Sprawling across two distinct but interlinked movements (The Stargate and The Message) Absolute Elsewhere sees Blood Incantation absorb and repurpose sounds and ideas like some sort of sentient cosmic blob wrenched from the pages of a Harlan Ellison story.

Deathly bludgeon, slo-mo doom and cataclysmic black metal have roles to play, as do meditative, Eastern-influenced sections, deeply affecting vocal melodies and prog virtuosity – Blood Incantation are skilfully twining these seemingly disparate elements together to create something entirely new. Similarly, the guest spots from Thorsten Quaeschning of German electronic pioneers Tangerine Dream and Nicklas Malmqvist of cult Swedish prog-heads Hällas serve to heighten the already kaleidoscopic sound.

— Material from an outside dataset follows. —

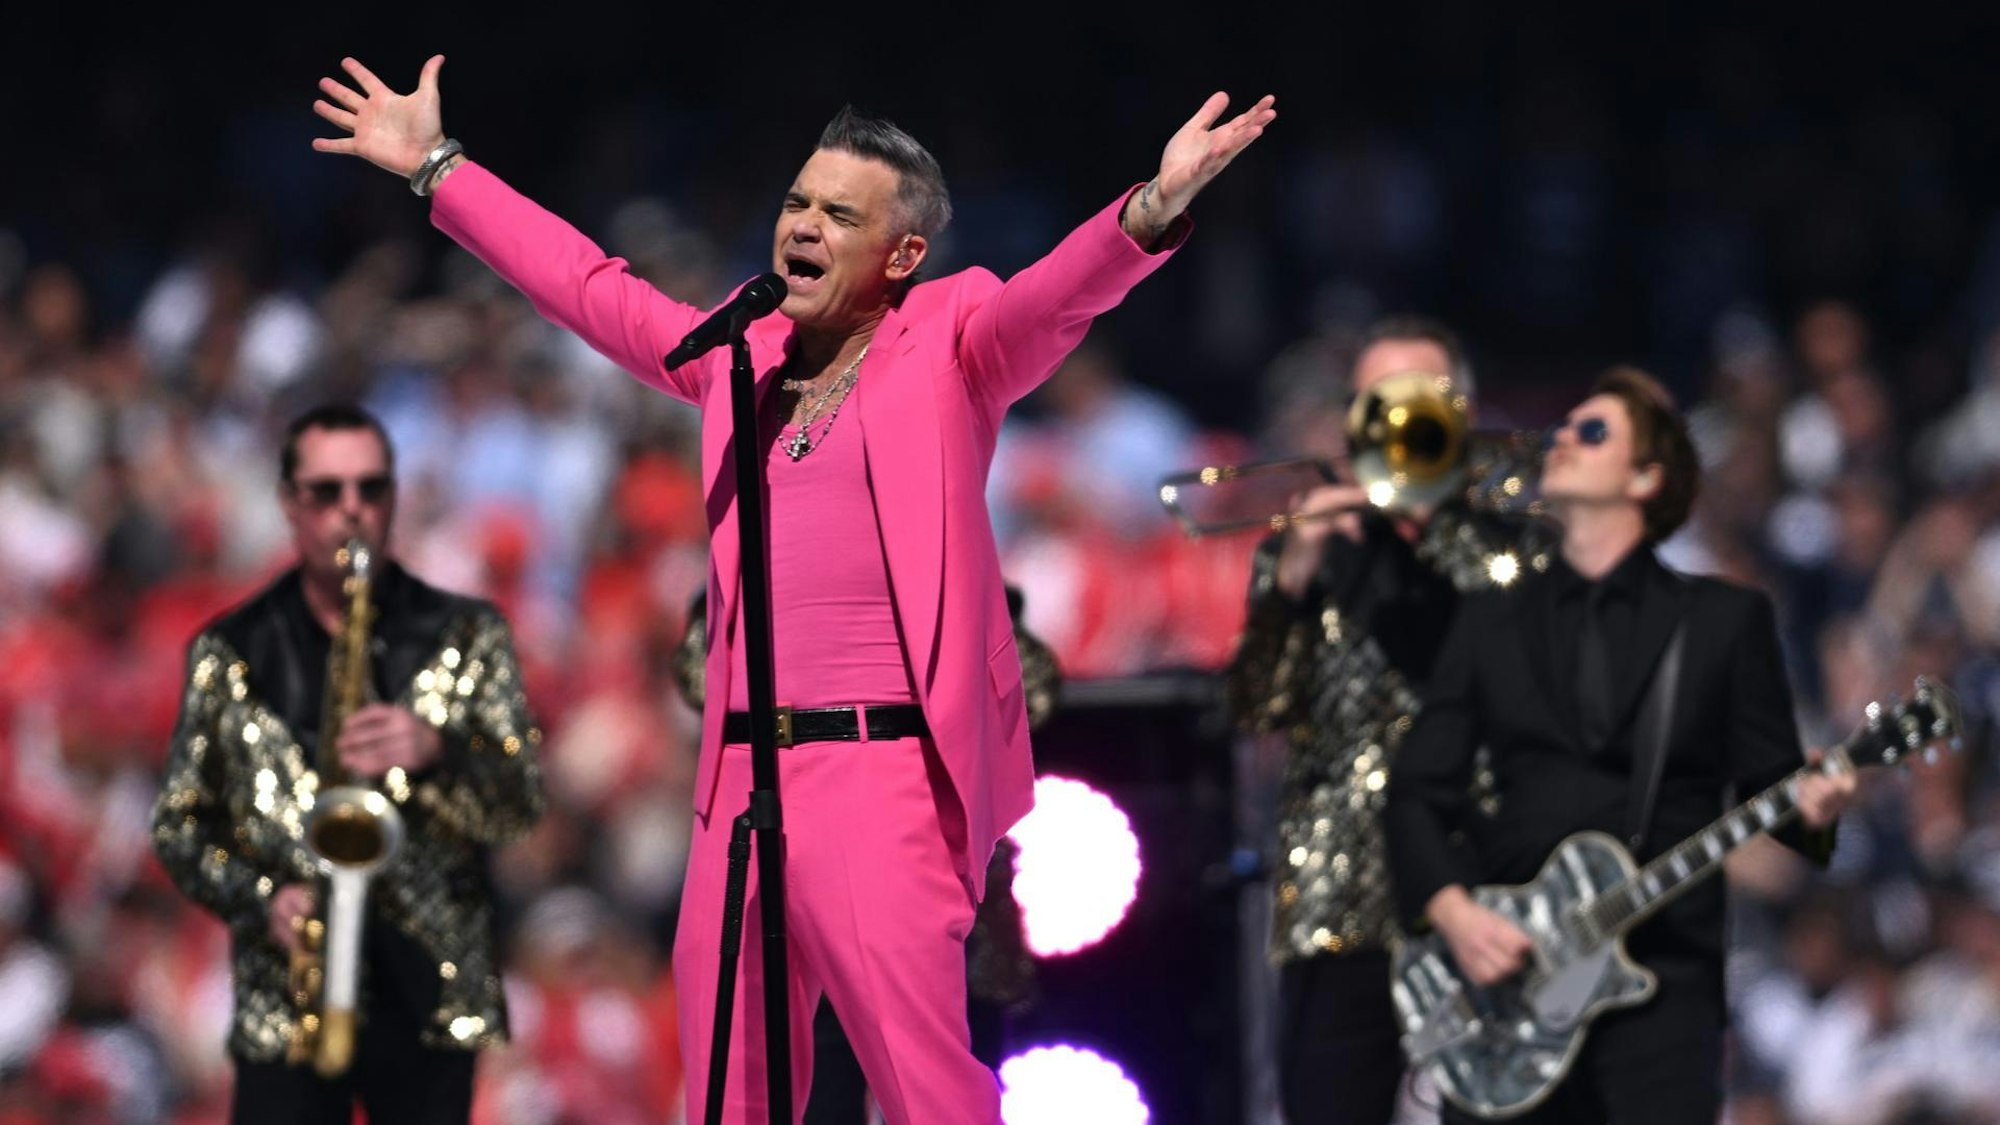 Sänger Robbie Williams bei einem Konzert im australischen Melbourne.

If the presence of the former was a high-water mark for these longtime fans of electronic music – “He invited us to his studio,” says Paul. “I was tearing up” – the latter took some convincing. “Early on Nicklas wasn’t sure what we were doing,” says Paul. “It’s like, ‘Here’s this insane, brutal metal part… now we need the Mellotron flute.’ He’s like, ‘Why?! This is not possible. You will be crucified for this!’”

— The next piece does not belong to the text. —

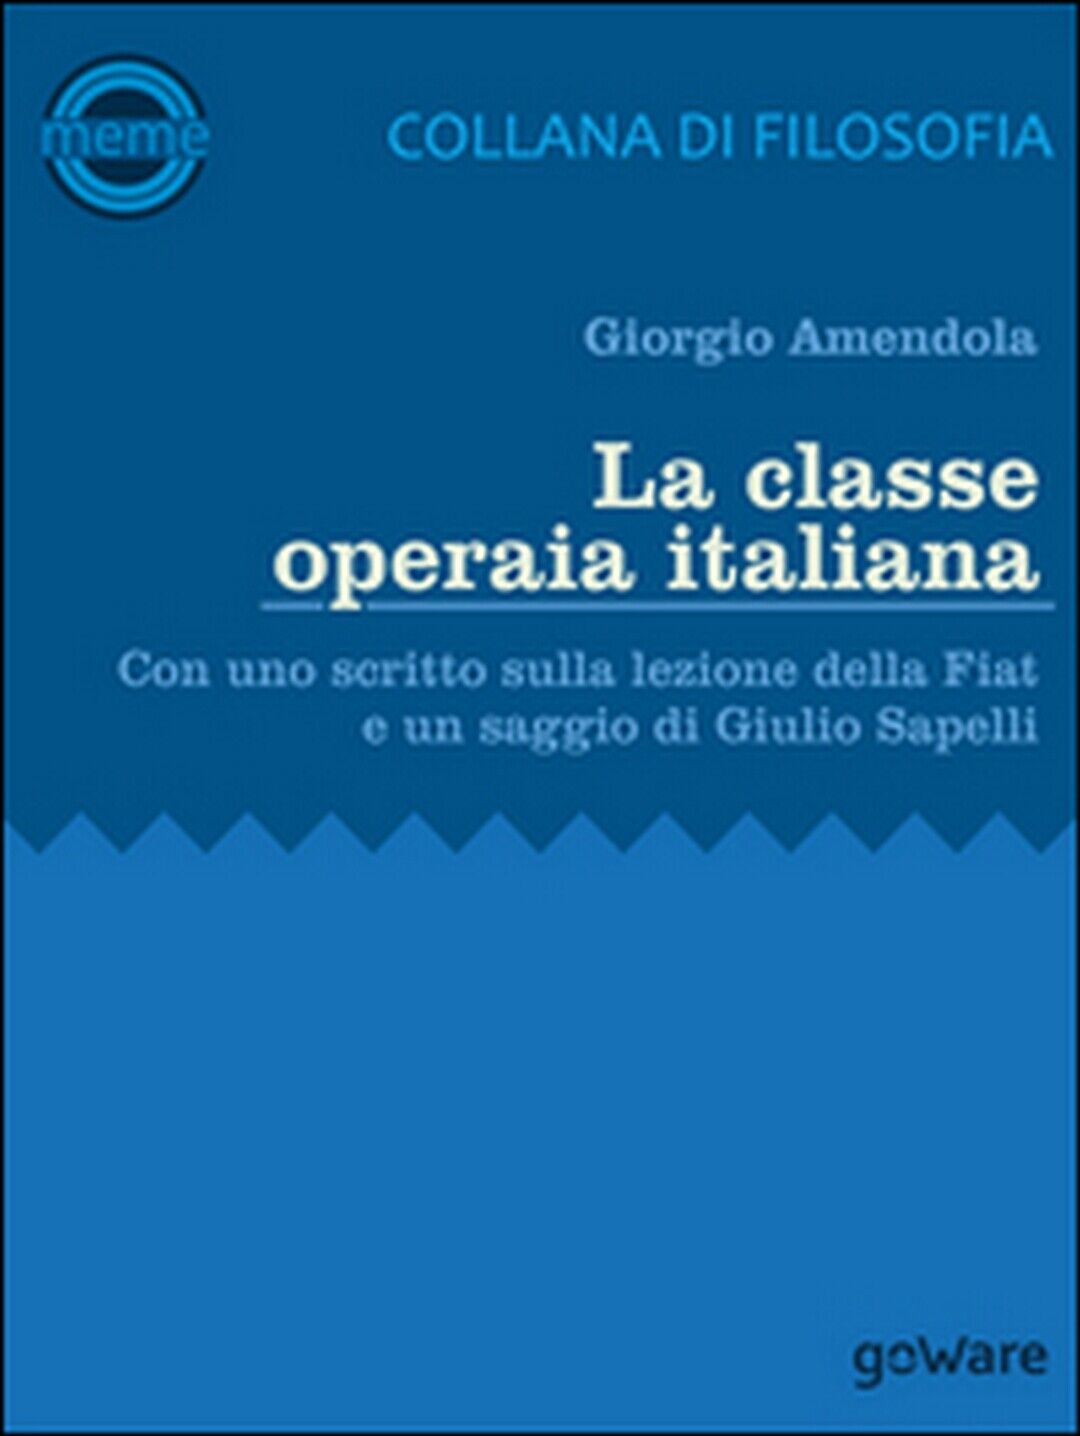 La classe operaia italiana, Giorgio Amendola,  2016,  Goware

Morris Kolontyrsky, getting in a rare word, views the album as a series of enormous building blocks that have been placed one on top of the other. “It’s constructed like a pyramid, an obelisk or some ancient temple,” he says. “Every little piece is there to serve a greater purpose.”

This sense of near-religious necessity is one of the things that sets Absolute Elsewhere apart: for all the thought and labour that has gone into it, nothing sounds micromanaged or overworked – everything is exactly where it is supposed to be.

Lyrically, too, the album demanded a different, freer approach, written for the first time with the aim of directly addressing the listener. While some of these lyrics are grandly esoteric (‘siphon my flesh through the Stargate!’), the album’s second half certainly conveys the positivity at the heart of Blood Incantation’s work, extolling the listener to ‘sow peace through deeds’ while highlighting those resonant elements – ‘to know thyself’, ‘to create’ – that are core to our humanity.

“For The Message I wrote the lyrics all out with this more or less stream-of-consciousness automatic writing approach,” says Paul. “It felt innately familiar, like I was channelling something, not an alien being, but definitely tapping into something outside of myself.”

This sense of setting oneself aside and viewing what you’re doing at a remove feels like an ongoing theme for Blood Incantation, from references to astral projection to simply interrogating the status quo as it’s presented.

“It’s questioning the questions and transcending dogmatism,” says Paul. “Whether it’s philosophy, conspiracy theories or esotericism, it’s always about standing above the Venn diagram. It’s like a chequerboard but we’re not in a white square or a black square – we’re up here floating around, dancing on top of the chequerboard.”

Whether they’re picking apart big ideas or simply inspired to splice the seemingly unspliceable, it cuts to the writhing core of the Blood Incantation enigma: a huge, neon-green ‘Why not?’ written in impenetrably knotty death metal logotype.

“The only reason all these things can’t be incorporated is dogmatism,” says Paul. “Being stuck in these pre-established forms is an antiquated mindset. Why limit yourself to retreading what’s already been done when you have the whole oyster of the universe to draw from?”